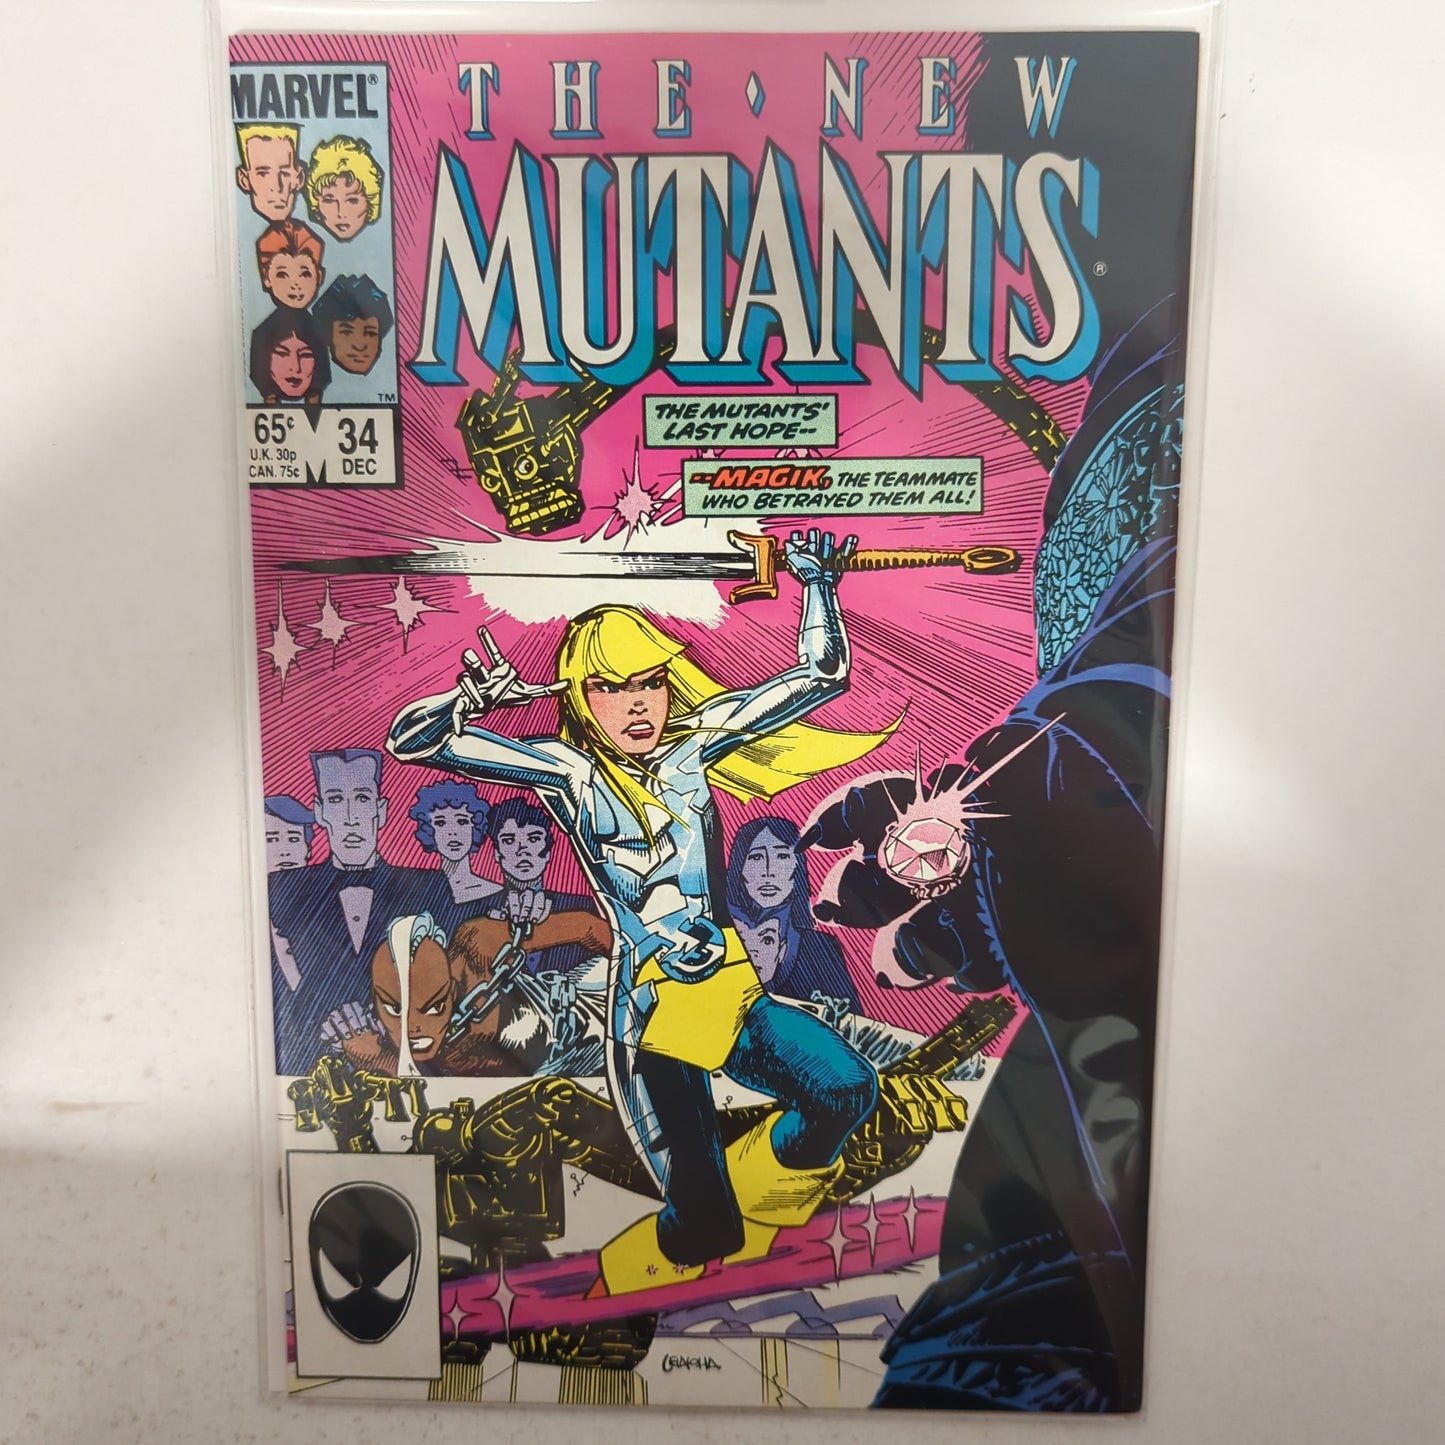 The New Mutants #34
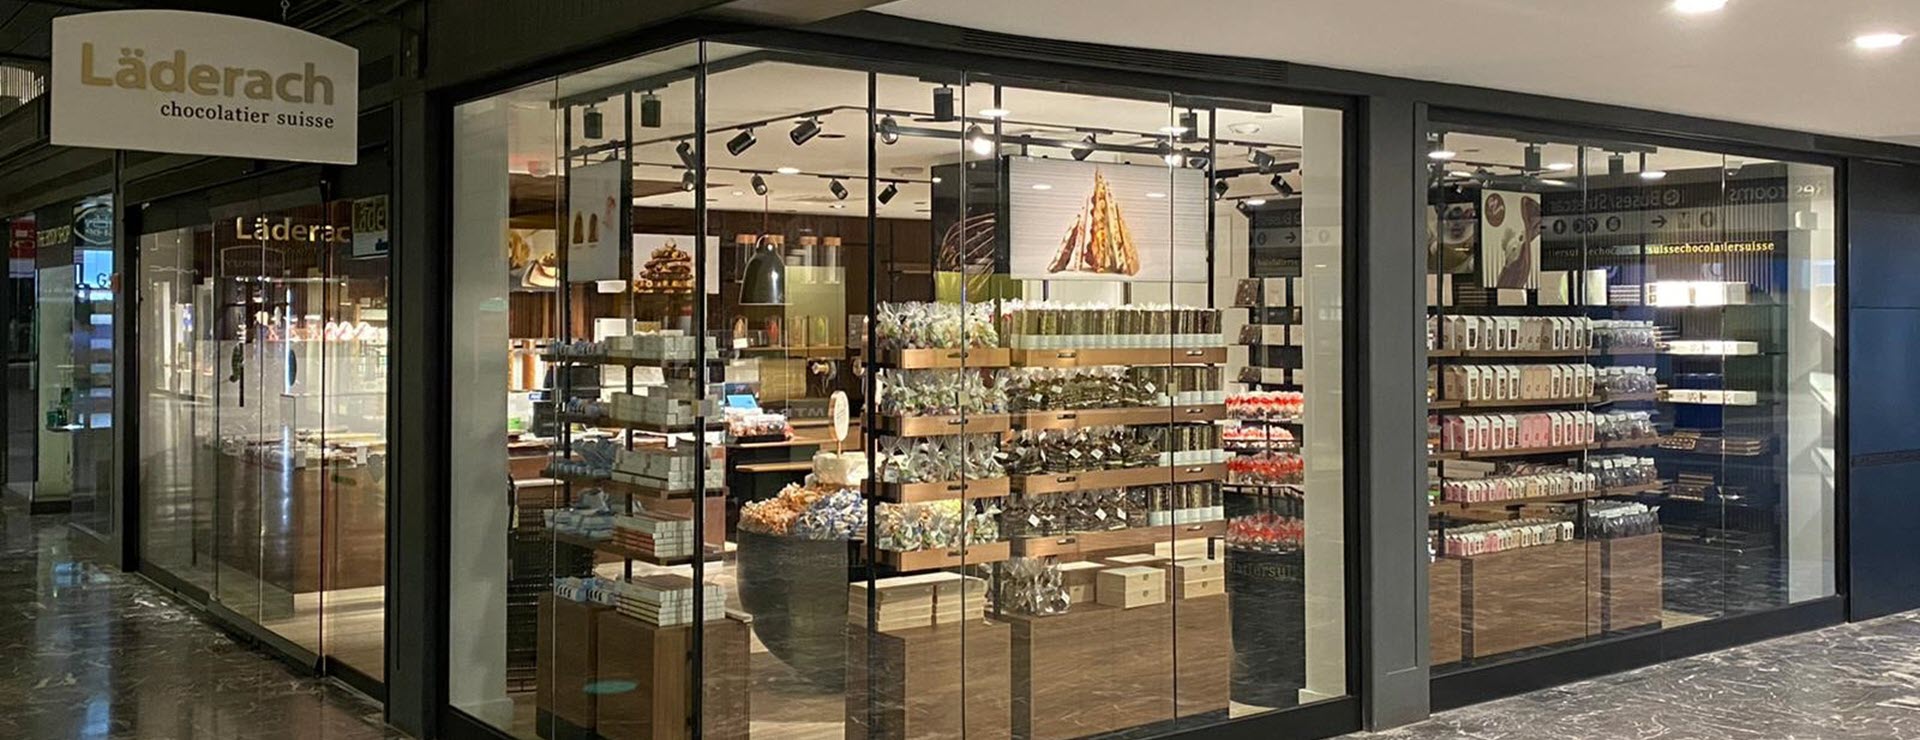 Läderach opens fresh artisanal Swiss chocolate experience store in Washington DC Union Station
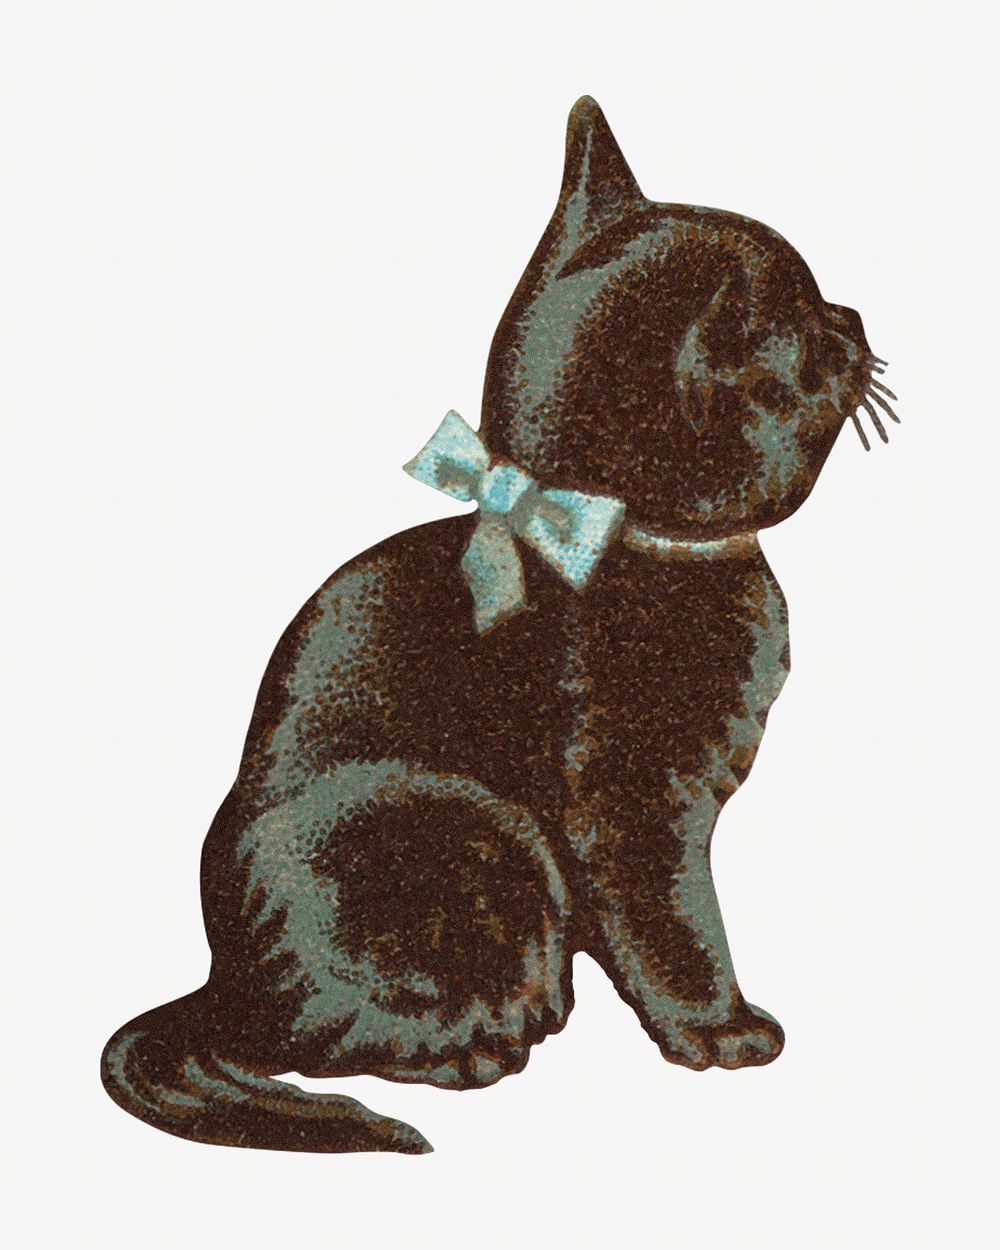 Little kitten, vintage pet animal illustration. Remixed by rawpixel.

————————

• [TASK TO CARRY OUT]: Take the lines from the one containing "Läderach opens fresh" through the final line of the listing above and print them exactly, including both ends but no pictures.

• [RESPONSE]:
 Läderach opens fresh artisanal Swiss chocolate experience store in Washington DC Union Station
 Little kitten, vintage pet animal illustration. Remixed by rawpixel.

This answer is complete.